They shake their heads, and the pig sighs,

"It means miss high and mighty probably believes she'll have full-access to the wish once all the Dragon Balls are gathered, leavin' us the hapless spectat'rs. And knowin' her, it's gonna be somethin' dumb like, I dunno, all the best clothes and makeup in the world."

Raising a critical eyebrow, Melita argues while tucking her lavender purple blanket around her shoulders,

"Don't you think that you're exaggerating a little?"

Goku nods in agreement,

"Yeah, I mean, Bulma might be a little bratty, but she can't be that selfish."

(Bonk)

"Ouch!"

Said bluenette's fist suddenly comes down on Goku's head, the former having exited the shower around the time Oolong finished explaining his reasons. Her towel-clad form glares at the latter as she scolds,

"How dare you talk behind my back, Goku. (Glance) And Melita, I'm surprised you would as well."

"Hey, we were just-! Oh, never mind..."

The honey-blond looks down in shame after her friend's failed attempt to explain, though thinks to herself,

It's not like we said she's a bad person...but I don't think saying that will help our case.

"Oolong, do you have any extra pajamas?"

He replies with a sarcastic tone but blank expression as he wanders to the fridge,

"Oh, like mine would fit you..."

"Uh! So what am I supposed to wear to bed, then?"

"(Glare) Whaddo I look like, yur butler?"

"Well with that hat, you look like one...Or a limo driver, or something..."

Ignoring the retort, Oolong pulls out two glasses of orange juice and walks over to give Bulma one.

"Here ya go. This cold juice will calm yur nerves."

"Ah, (small smile) you can be a sweet swine, can't you?"

"More than you'll ev'a know."

Thanking him, the bluenette slowly guzzles down the cup, Oolong smirking mischievously all the while...
Not missing the change in his expression, Melita forms a suspicious frown, before grabbing the other glass from Goku's hand.

"Huh? What're you-"

She shushes the boy, and sniffs the contents...letting out a silent gasp when she senses,

A sleeping drug?!...Darn it, Oolong, you're not making it easy to trust you!

It's too late to warn Bulma, but I'm not letting Goku drink this...
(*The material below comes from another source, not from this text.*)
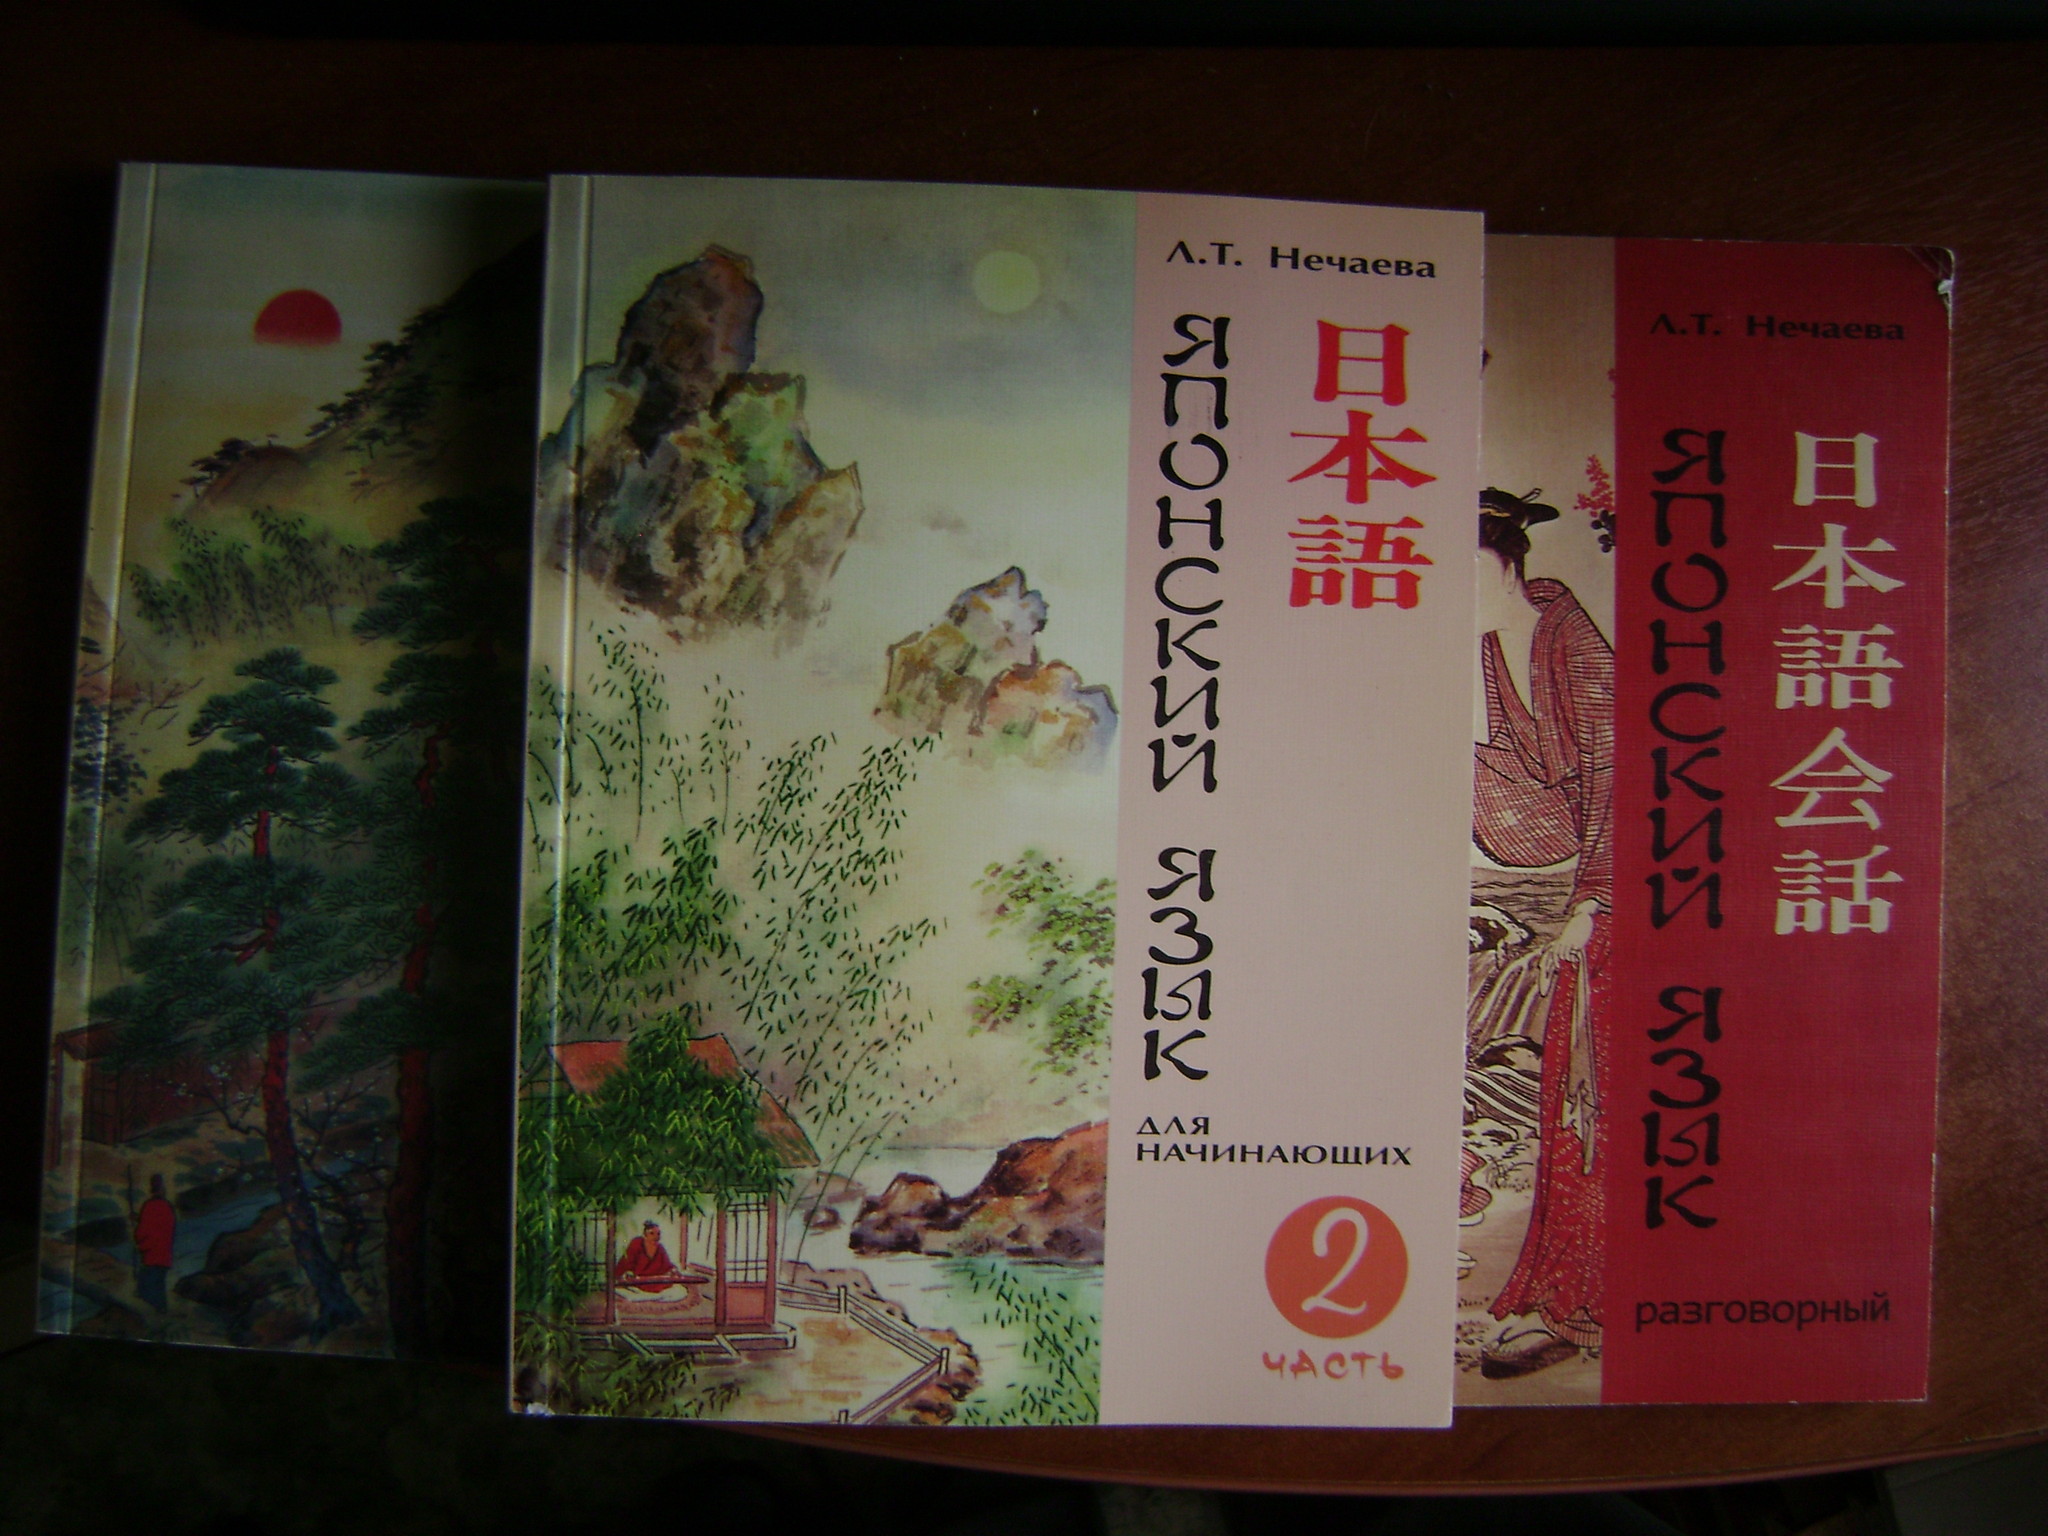 Нечаева Л.Т. Японский язык. Для начинающих в двух книгах + Учебник разговорного японского языка
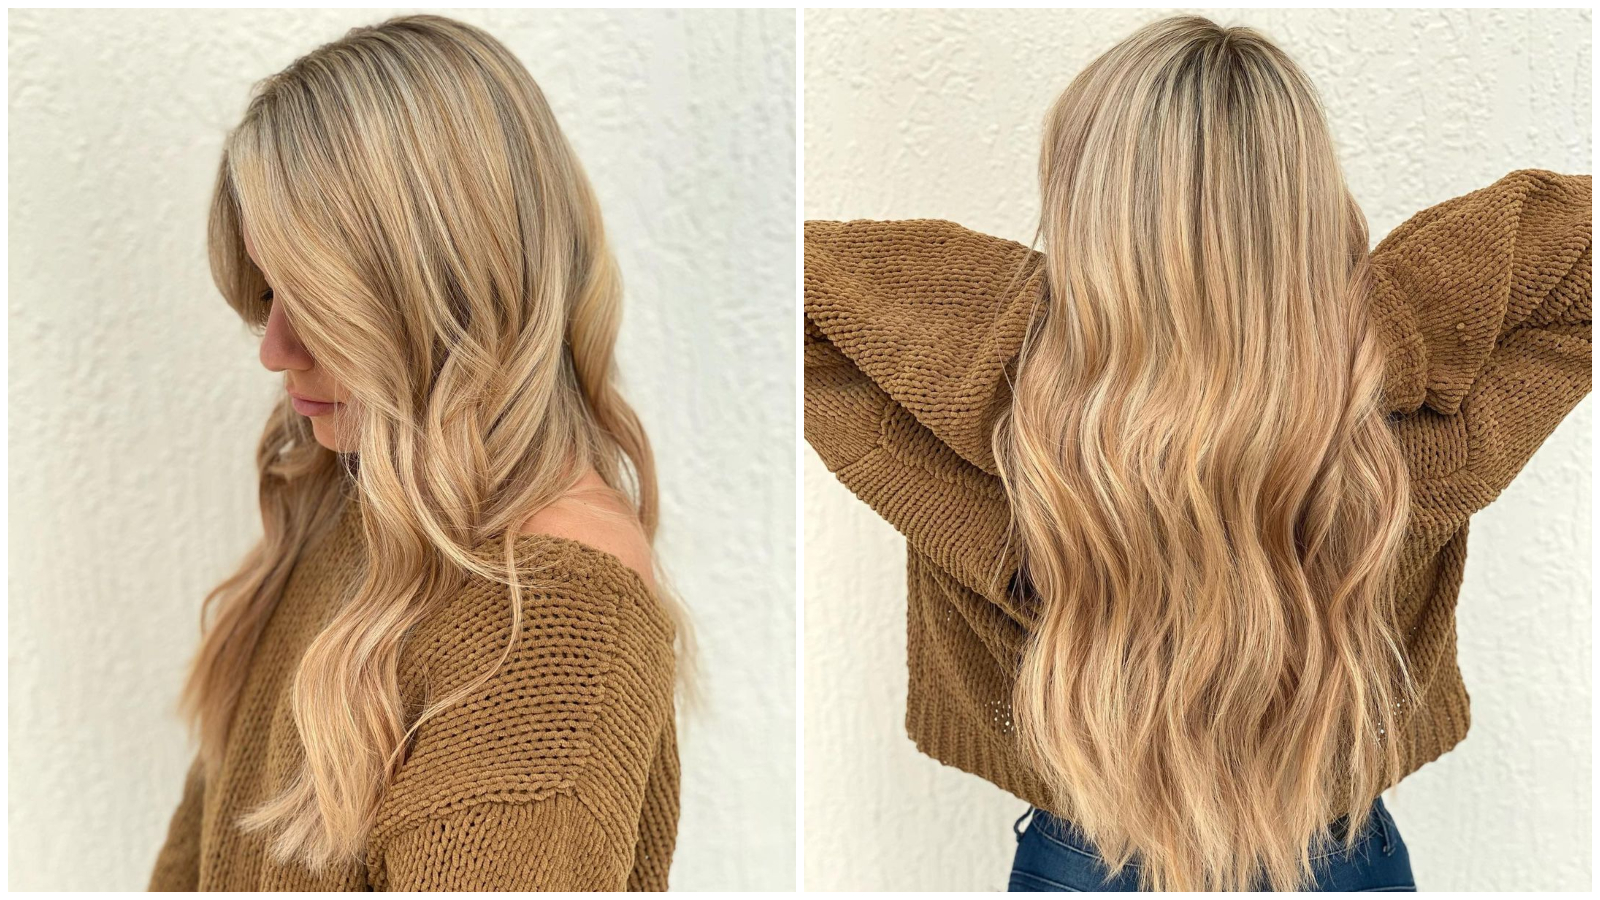 Ako tražite promjenu, 'Buttercream blonde' savršena je proljetna boja kose za osvježavanje cijelog izgleda

"Somethin' wrong, sprite?"

Quickly formulating a plan, Melita puts on an emotional mask of panic, and points at the window in the door.

"Aayh! A velociraptor!"

Much to her luck, her primary targets Bulma and Oolong fall for her white lie, rushing over to look out said sheet of glass.

"What?!"

"Ou' here in the desert?!"

With them distracted, the water nymph sets the glass of tainted juice on the table, then curves her fingers around both sides while drawing a silent breath of concentration.

...Sea Bubble.

The orange liquid jumps and jives a few times within the glass...before shooting upward to form a ball midair, the colour a swirling mix of deep blue and orange. Melita swiftly sends it to the sink, and it pops, the liquid trickling down the drain like bad wine...

"Whoooa. How'd you do that?"

Relieved that Goku is talking in a whisper, she replies just as quietly,

"Manipulating water and other liquids is one of my specialties."

"Ooh...But, why'd ya get rid of the juice?"

"I'll explain later. For now, when I nudge you, pretend to fall asleep."

"Uhm, okay."

Just as the boy with the monkey tail agrees to play along, Bulma and Oolong turn back around after spotting nothing related to a probable predator.

"I didn't see anything..."

"You sure you saw a velociraptor?"

Feigning a sheepish smile, Melita replies,

"O-Oh, uhm, maybe it was just a shadow that looked like one...Sorry."

The bluenette and pig let out exasperated groans at the younger girl's 'goof-up', the former muttering,

"Geez, and I thought Goku's imagination was wild...Huuuah..."

A wave of exhaustion suddenly sloshes over her like a gentle tide.

"Alright, that's enough excitement for one night...So where do I sleep?"

Oolong points towards the steps behind her.

"Just go right up those stairs there."

"Mm, (nod). Goodnight."

...She pauses halfway, shaking off a bit of her tiredness to give a certain swine the following warning.

"And you better not come up here, Oolong!...If you do, I swear I'll give you the worse case yet, if you catch my meaning."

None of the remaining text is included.